Perhaps that was not entirely true; the entire premise of her trial was based on their fears. As the wagon parked near the Holy Stables and two Temple Knights stepped forward to pull her out into the morning snow, she ducked her head so that they couldn't see the smile that sprung unbidden to her lips.
Neither Warrior of Light and Darkness nor Azure Dragoon that accompanied that esteemed personage, yet still a threat to their Order. She tried to hold on to that small flame of courage and conviction, placing a little cover around that candle so the winds of her guilt and self-doubt could not extinguish it.
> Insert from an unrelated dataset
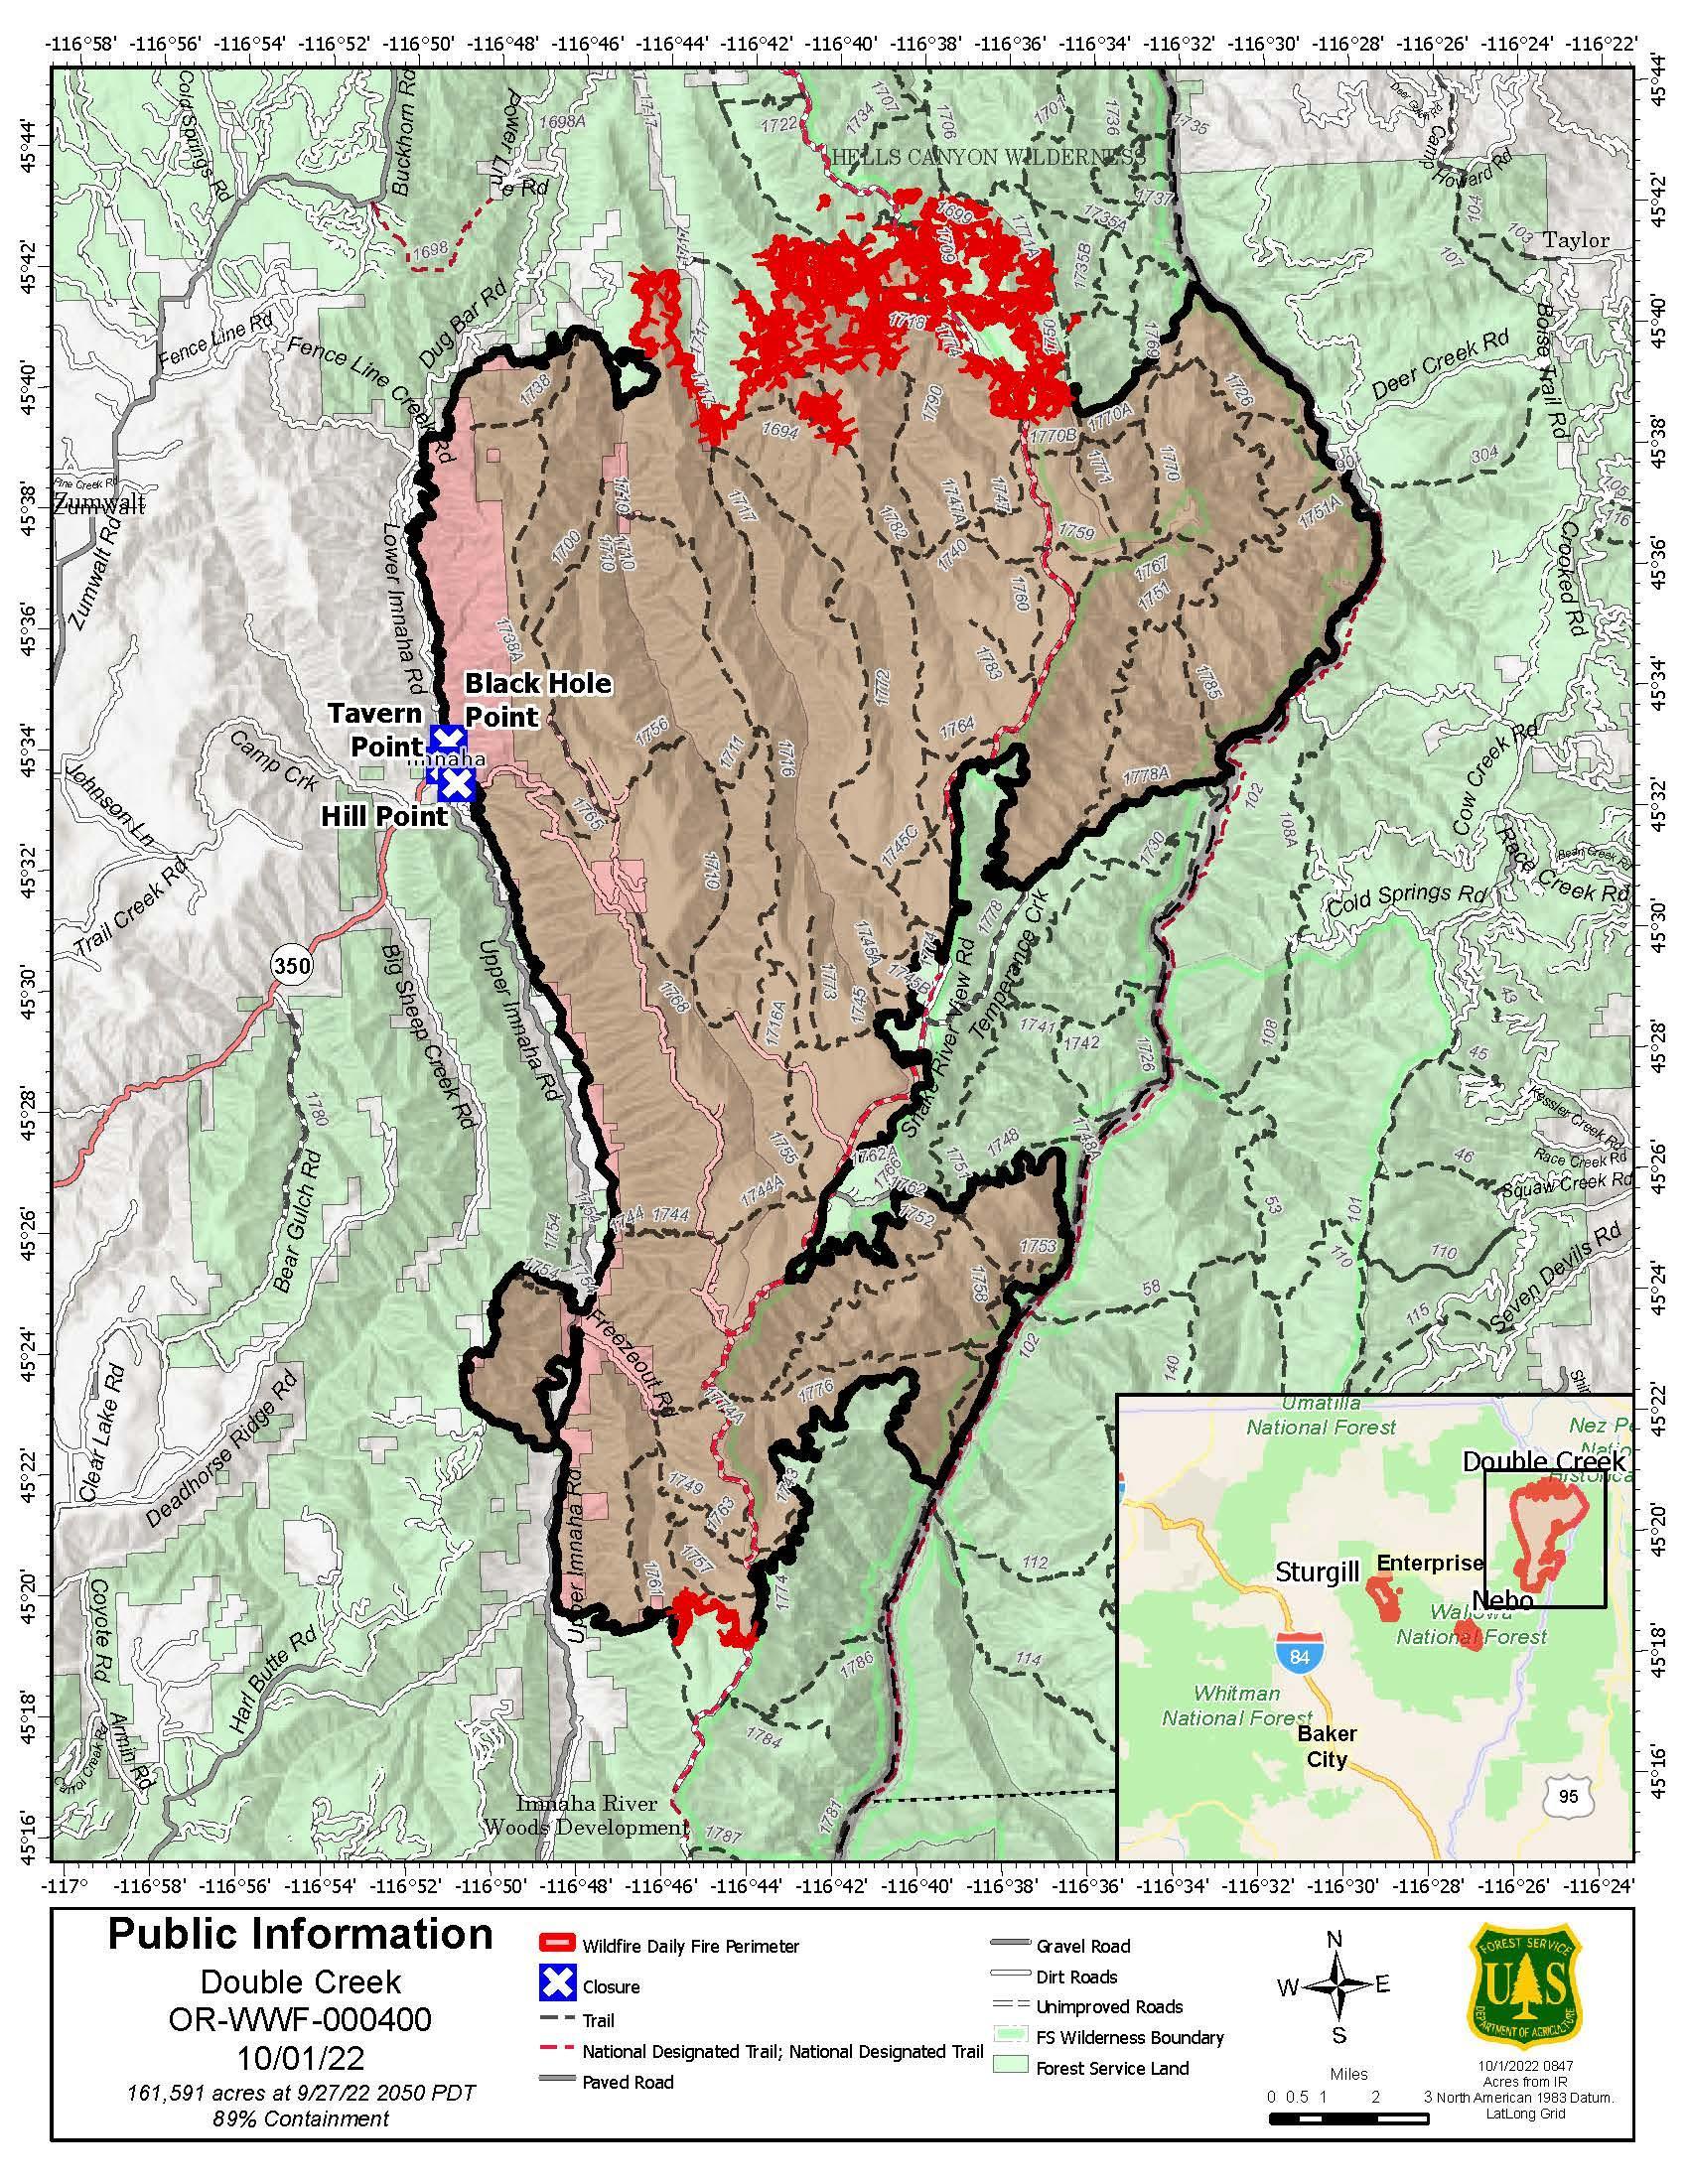  Double Creek Fire Map - 20221001

---Previously, at the Gyshal’s Greens on the Shroud-Coerthas border:---
Despite Rae-Hann’s sound advice, Anne-Sophie hadn’t bothered to wash her hair black any longer. She’d already been caught twice, and she fully expected it to happen again. Though she had a wanderer’s heart, it seemed she did not have a fugitive’s required expertise. Somewhat ironically, the rest of her journey back to the Gyshal’s Greens was entirely peaceful. The few travellers she and Vendredi encountered on the road seemed more intent on their own business to pay hers any heed, and aside from a polite nod in greeting, they left her and her chocobo alone.
The Mystic Knight turned Vendredi to the right after a particular waymark on the highroad. Though the final stretch of their journey was through the forest itself, the pathway to their destination largely overgrown, Vendredi’s steps were light and merry. He knew what awaited him at the end of this erstwhile hunting trail carved by minor nobles that had once wintered here; a cozy stable, fresh greens from the nearby gardens, and his beloved Madame Kweh, the Comtesse of his heart.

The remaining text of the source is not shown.